In a recent interview conducted by the FT with St. Louis Fed President James Bullard, the need to force workers to take any job available, regardless of how low the wage or the danger to their health is, was raised.
Bullard, one of the “hawks” in the Fed’s leadership who advocates faster running of the Fed’s monetary stimulus package, said there is a high demand for workers and more jobs than unemployed.
The problem, he said, is that the workers may not want to take them away now. “They can afford to be careful about which jobs they take, or they can feel like they can get an even better job by waiting or searching harder.”

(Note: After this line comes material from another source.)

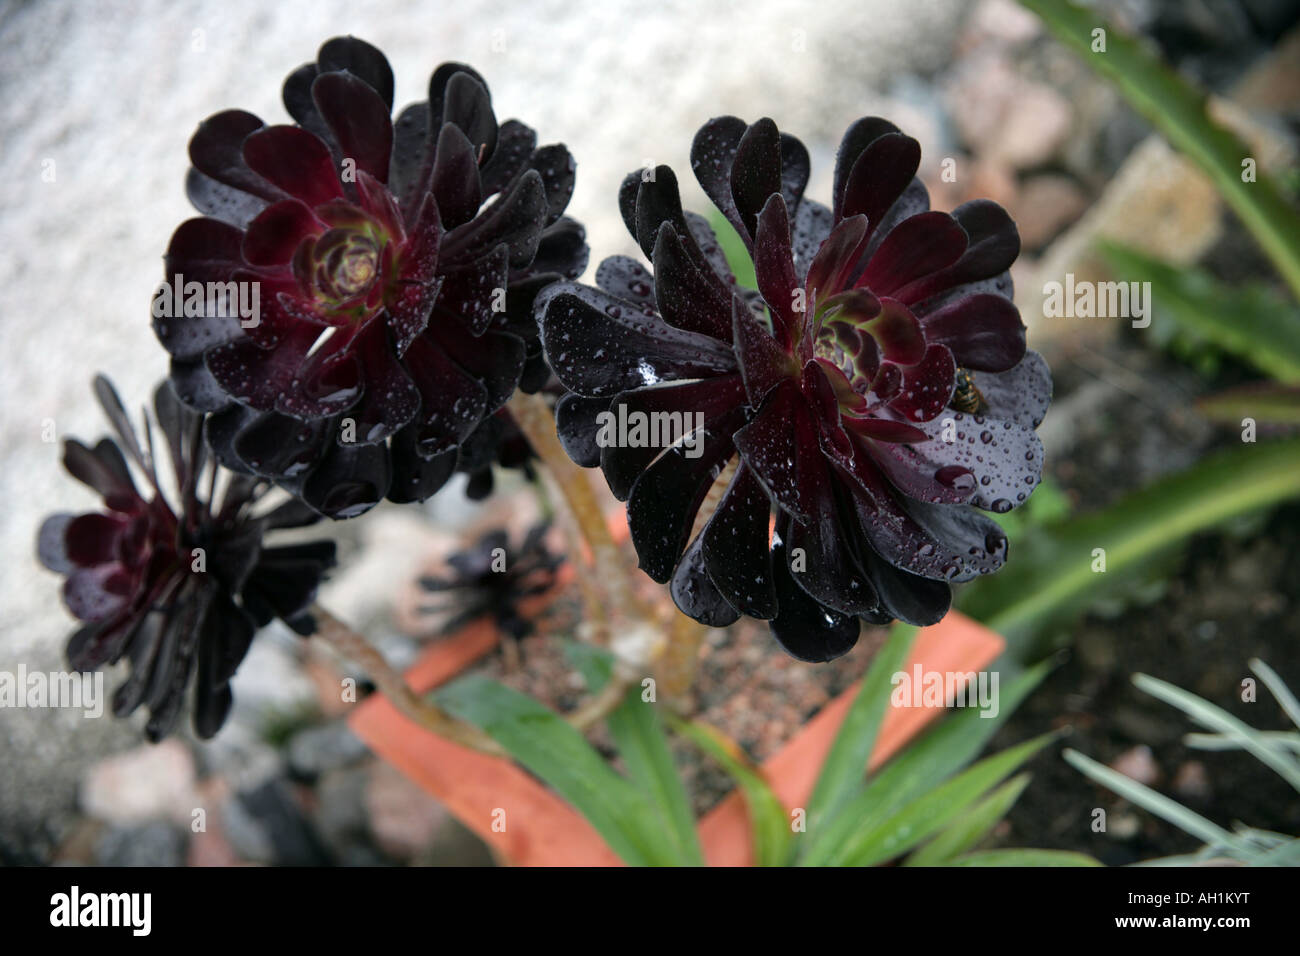 Aeonium arboreum Zwartkop succulentes dans la pluie Banque D'Images

In a graphic representation of the malevolent class orientation of the entire ruling establishment, he said one problem that is holding back the supply of cheap labor is that “households are low on income” with stimulus payments of $ 1,400.
Wall Street billionaires have seen their fortunes soar to record highs as a direct result of the trillions of dollars poured into the financial system by the Fed.
But reputation demands more, and so, in the face of rising prices and myriad other problems, the meager payments to workers are seen as barriers to getting ever greater amounts of surplus value and profit from their labor.
Meanwhile, the Fed’s ultra-cheap money speculation is reaching staggering heights on Wall Street. A comment by Wall Street Journal columnist Andy Kessler published over the weekend mentioned some of the more egregious examples of this financial madness.
Joby Aviation, which plans to start electric air taxi services from 2024, is worth more than Lufthansa. At the beginning of the year, Tesla was worth more than the next nine car companies combined, since it “only” fell back to the next six.
And the list went on: Airbnb is worth more than the hotel chains Marriott and Hilton combined; the Coinbase crypto exchange is worth more than the NASDAQ exchange; Beyond Meat, made with pea protein, worth more than the entire world market for peas, and the used car sales platform Caravana, which is worth more than Volvo, Honda, Ford or Hyundai. And there were many other examples on his list.
This financial madness, Kessler said, is driven not least by “fear of missing out” but, as he noted when sales begin, it becomes “fear of losing everything if speculators jump off a sinking ship like rats . ”
The collapse of this speculative bubble, as it has never been before, will not be just a market correction and a return to something “normal”.
The US economy’s reliance on market madness has grown so great that it will have far-reaching economic and social repercussions well beyond the impact of the 2008 crash. It will immediately set revolutionary tasks for the working class – the necessity of the struggle for political power as a prerequisite for a complete reorganization of the economy on a socialist basis.